Standing, he walked away from the body and outside to stand on the front porch. The day was already warming up, it was going to be a hot one. Summer had been slow to get off the ground but now that it had warmed up, it seemed like the hot weather was here to stay. The sky above was a clear, deep blue that reminded him of Grace’s eyes, and he was glad that this year she would be able to enjoy the summer. In fact, he was going to make sure she enjoyed it.
“Grace said that Emmanuel had a thing for fables. The tortoise and the hare, the ant and the grasshopper, the gnat and the bull, the lion and the mouse, so last night I got to thinking. After I left the hospital for the night, I went by the station and started searching through cold cases. We know that Emmanuel didn't bury the bodies at Mable White’s house because hers was the only body we found there which means he had to dispose of them some other way. I started with cold cases, but there might be some where someone was charged for the murder as well, we’ll have to look into it.”
“Look into what exactly?” Rylla asked.
“Tattoos. If the fables were as important to Emmanuel as Grace said they were, and we have no reason to disbelieve her, we’ve both seen the basement, then I got to wondering if he would have marked the bodies somehow. I searched cold cases, cross referencing for any female victim in her twenties or thirties, since Grace said all the women were fairly close in age to her, that had a tattoo, specifically one of his favorite fables. I focused just on the ones Grace mentioned, hare, tortoise, ant, grasshopper, gnat, bull, lion, and mouse, and I found a dozen hits. A few of the women had been shot, a couple drowned, one had been beaten, another stabbed, but all of them had a recent tattoo on their ankle. In the case notes it said families and friends all reported that the victims did not have any tattoos.”
“So, he does them himself.”
“That would be my guess. Gives us another avenue of tracking this guy down.”
“How do we know that these women were his victims though?”
“Tattoos were done postmortem. All animals in what we know are his favorite fables, all unsolved murders over the last six years, all women in the age range he targets. We don’t know for sure, but I think we should start looking into their murders, see if we can connect them to Grace’s case.” Matthew knew in his gut that these women were victims of Emmanuel’s sick lessons, and he knew that his partner would support him.
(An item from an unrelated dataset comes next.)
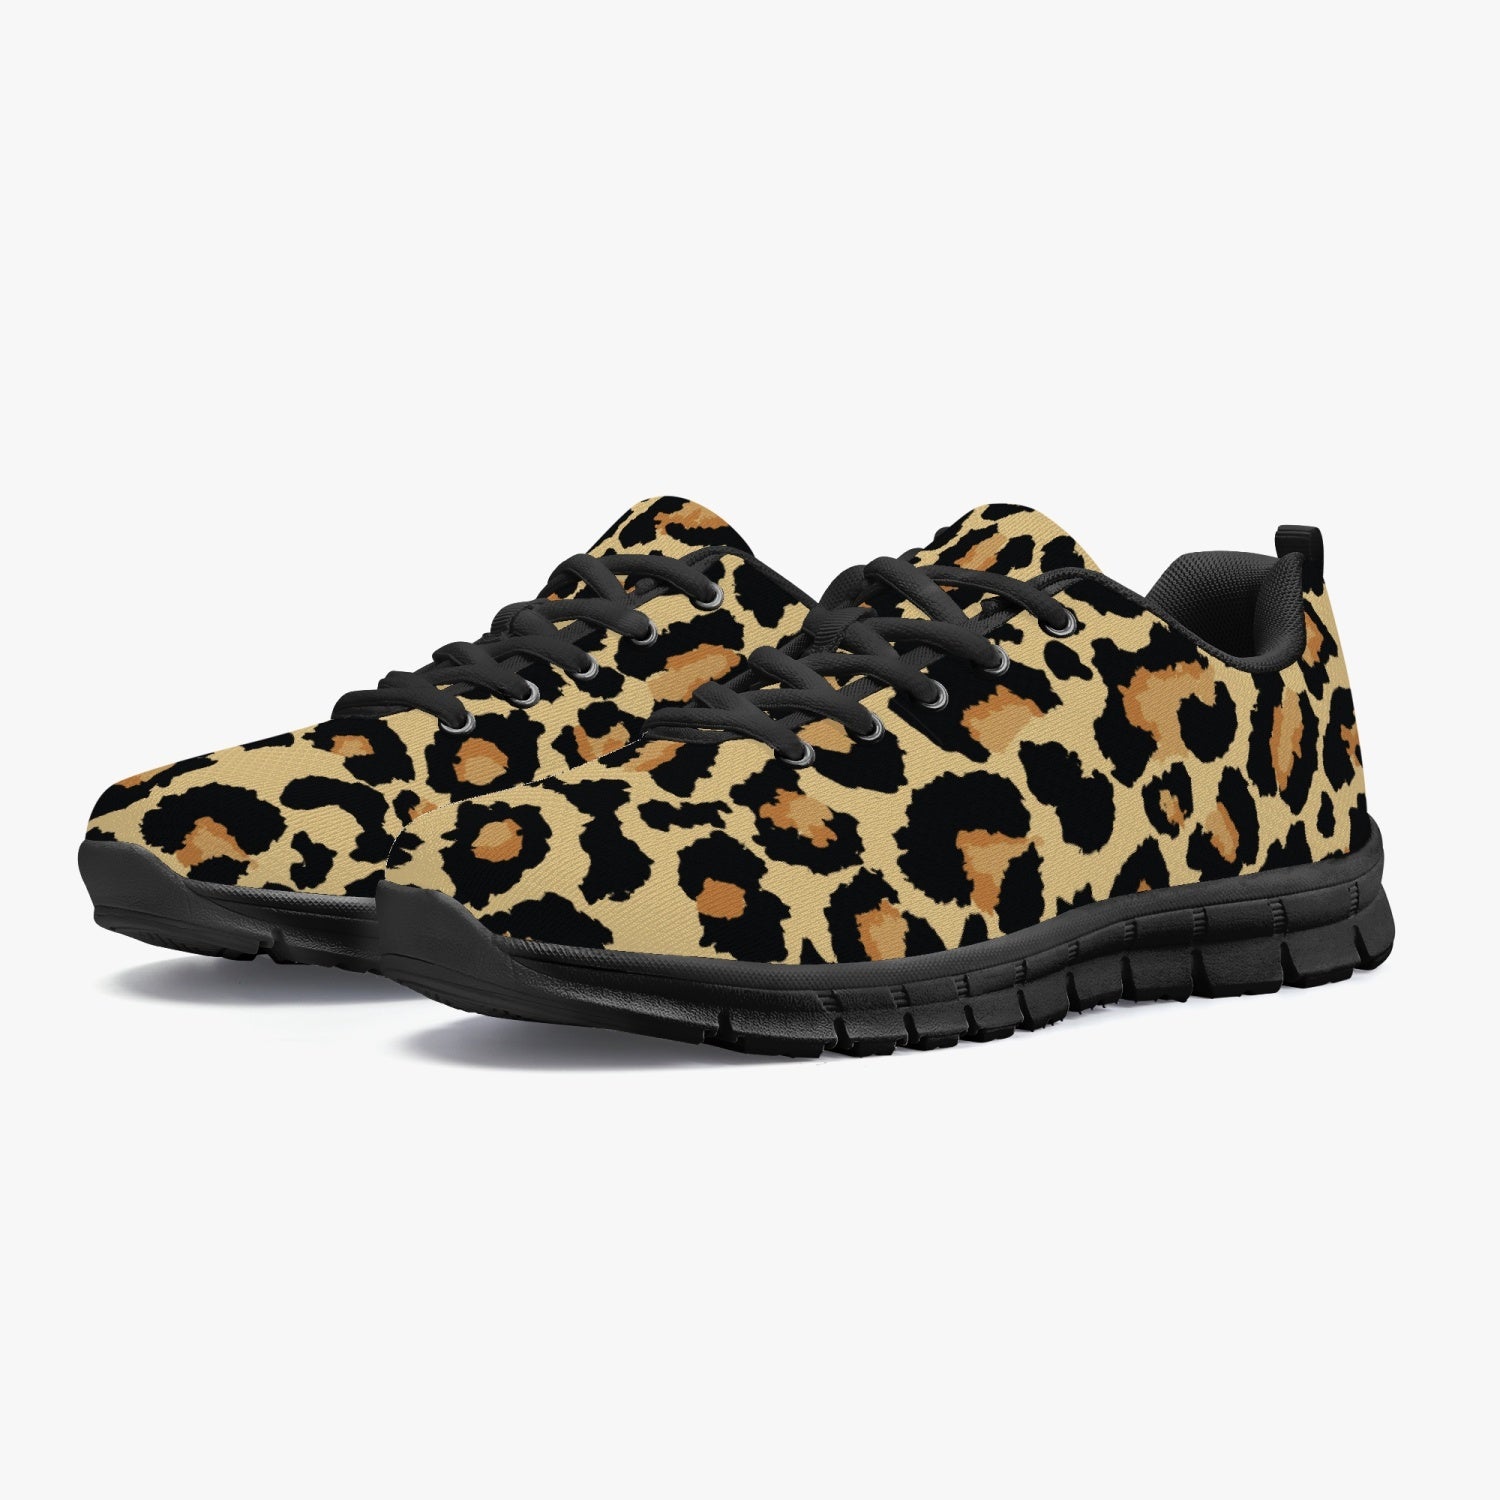 Women's Wild Animal Leopard Cheetah Full Print Workout Gym Running Sneakers Overview

He hoped they could find proof to link them to Emmanuel. But even if they couldn’t, the man would be facing life in prison for Grace’s abduction and torture alone. Still, he didn't want to give a judge any reason whatsoever to ever let Emmanuel walk free, so the more crimes they could charge him with the better.
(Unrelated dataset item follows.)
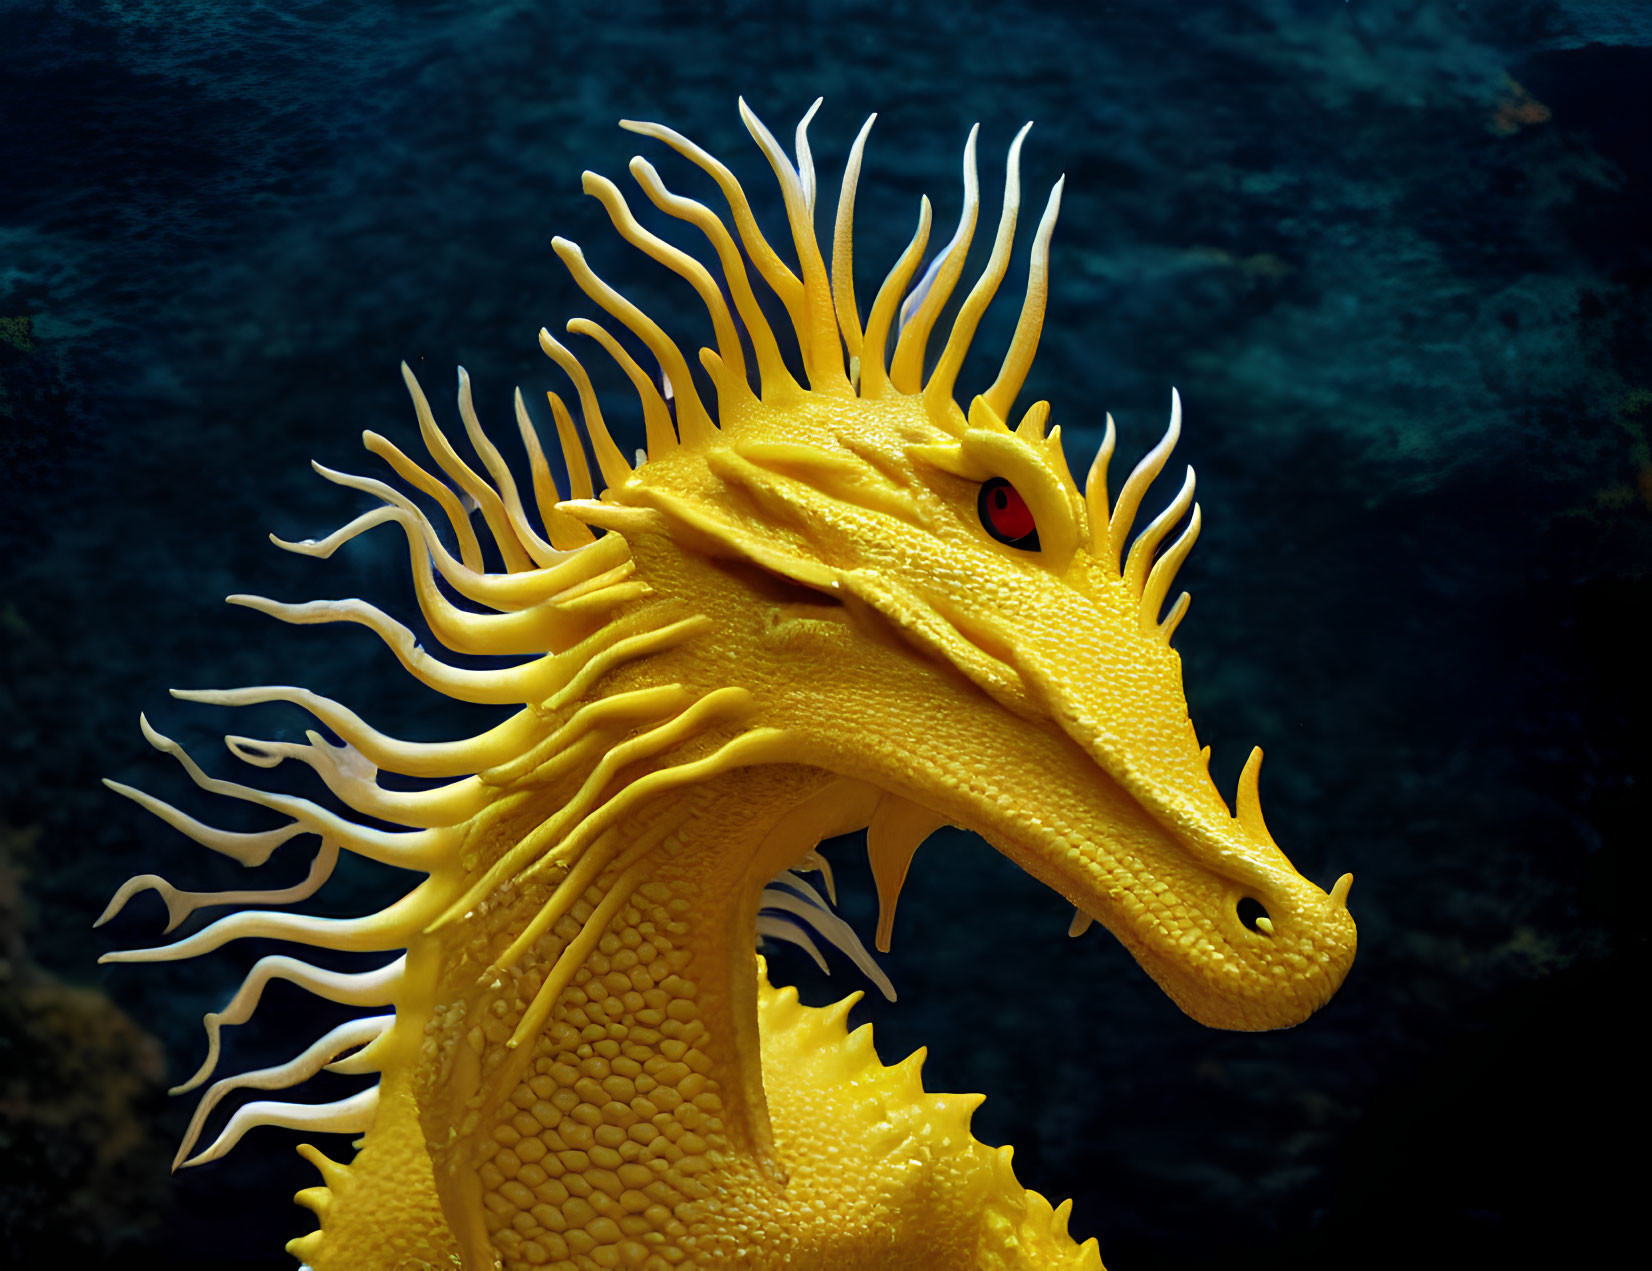 Colorful Yellow Seahorse with Elaborate Fin Frills in Dark Blue Ocean

“Why did no one else ever link the cases?”
“Dump sites were different and they weren’t all killed the same way. Different jurisdictions, a couple had violent exes who looked like they could have done it, there just wasn’t enough for someone to notice that these women’s cases might be linked, even with the tattoos which you would have to know to look into. I only had the hunch because of what we learned from Grace. Without her mentioning the fables there would be no reason to think random tattoos meant anything at all. For all the cops on those cases knew, the women had gone and gotten them voluntarily before they were abducted and just not told anyone.”
“Natalie Potter has one, so you think he killed her last night. That’s way outside his MO.”
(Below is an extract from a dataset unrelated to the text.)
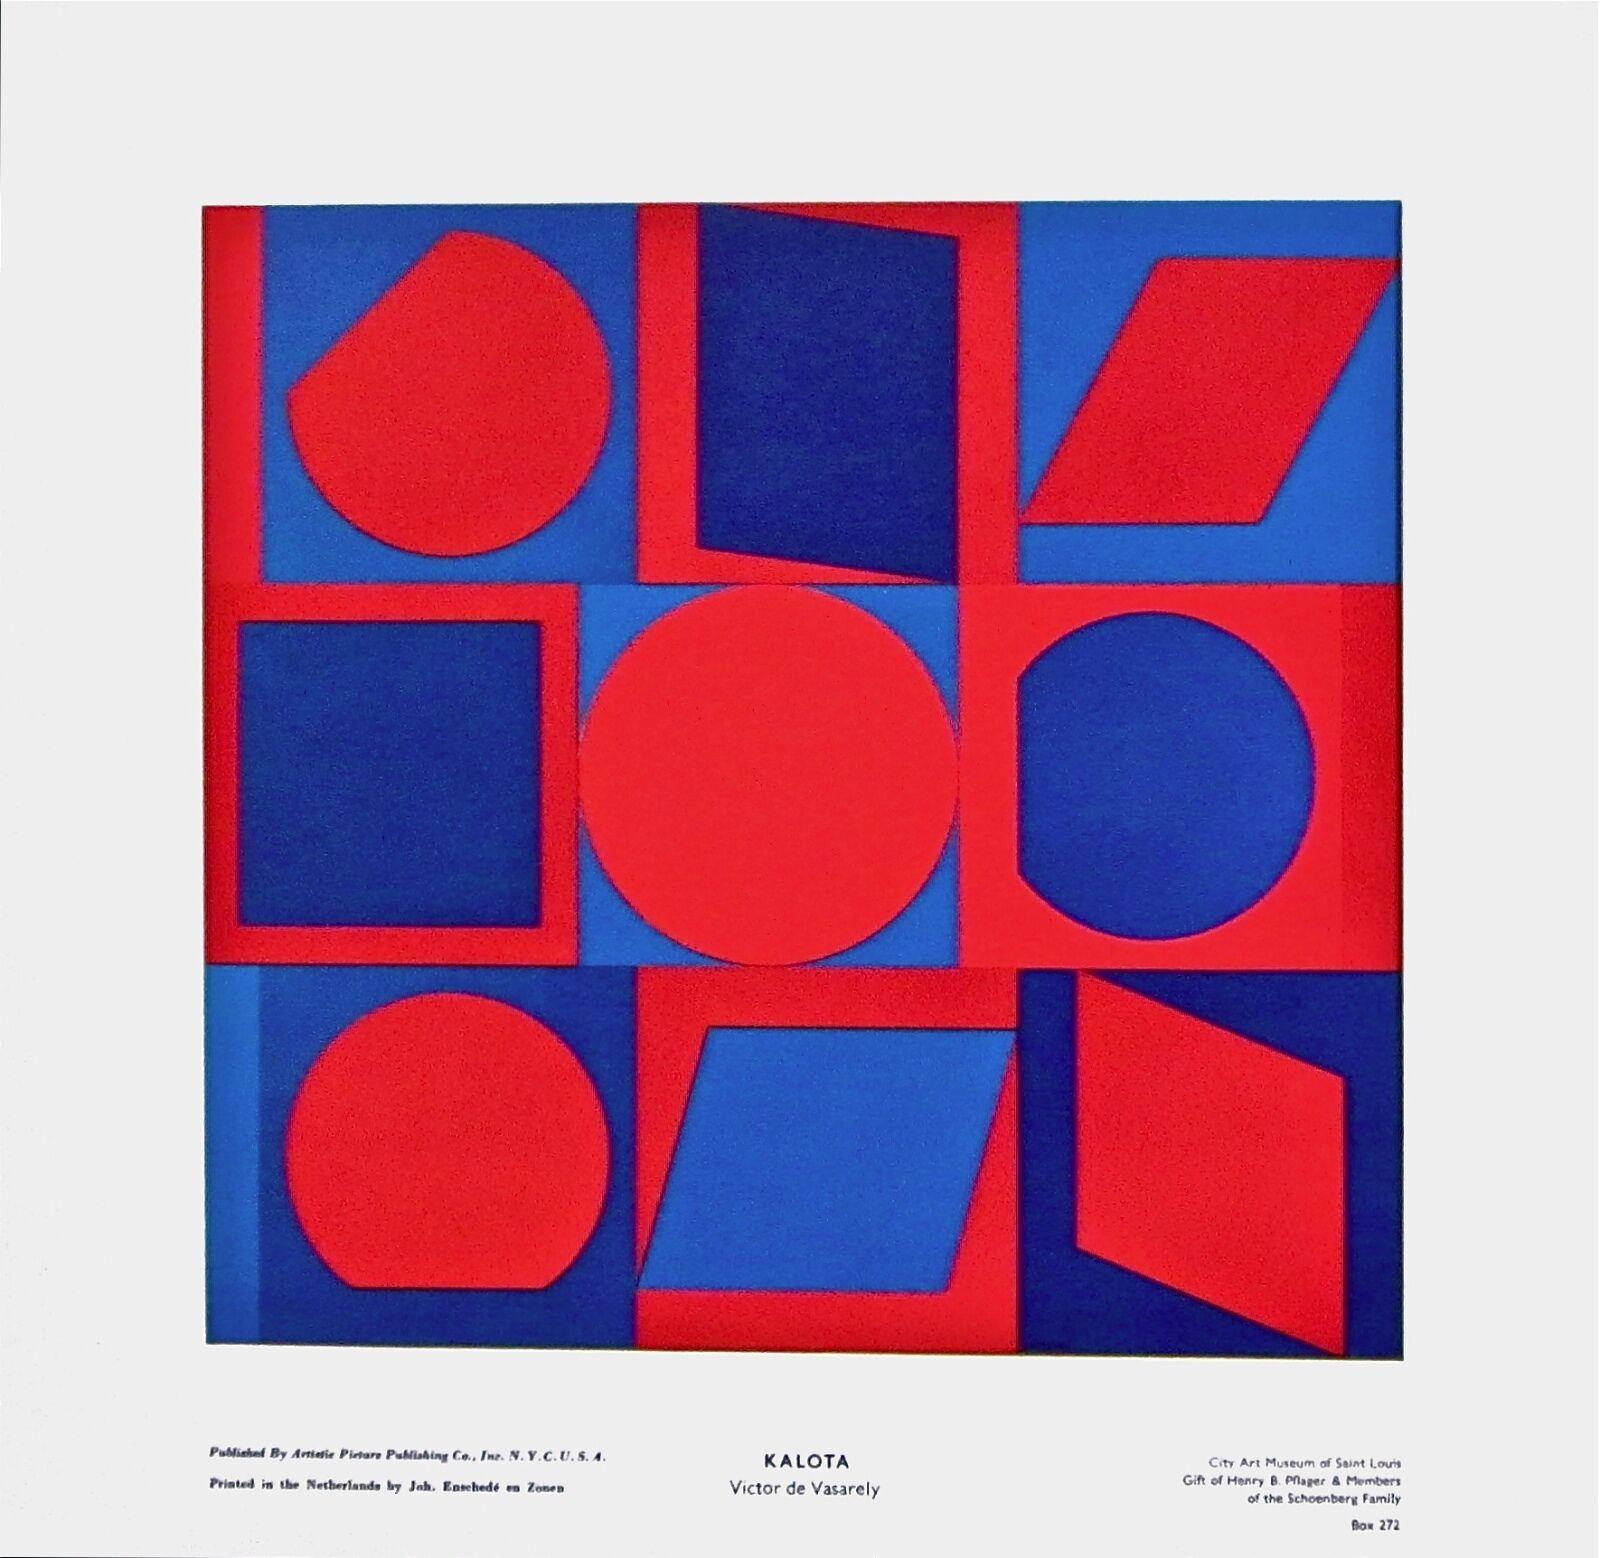 Victor Vasarely Abstract Print - KALOTA, 1970s Exhibition Poster

“I know, but yesterday wasn’t a normal day for him. He needs Grace back, it was a massive risk to try to get her out of the hospital. If he tried, he’s desperate. Having his attempts foiled would have sent him off the deep end. I’m guessing he lives somewhere around here or he just happened to catch sight of Natalie. She looks a lot like Grace, same blonde curls, same blue eyes.”
“She was a substitute. He took out his anger at not being able to get his hands on the real thing on her.”
“When I heard about the case, saw a picture of the victim, I just knew. Then when I saw the tattoo, I knew I was right. He’s going off script, killed this one himself, there’s no telling what he’s going to do next.”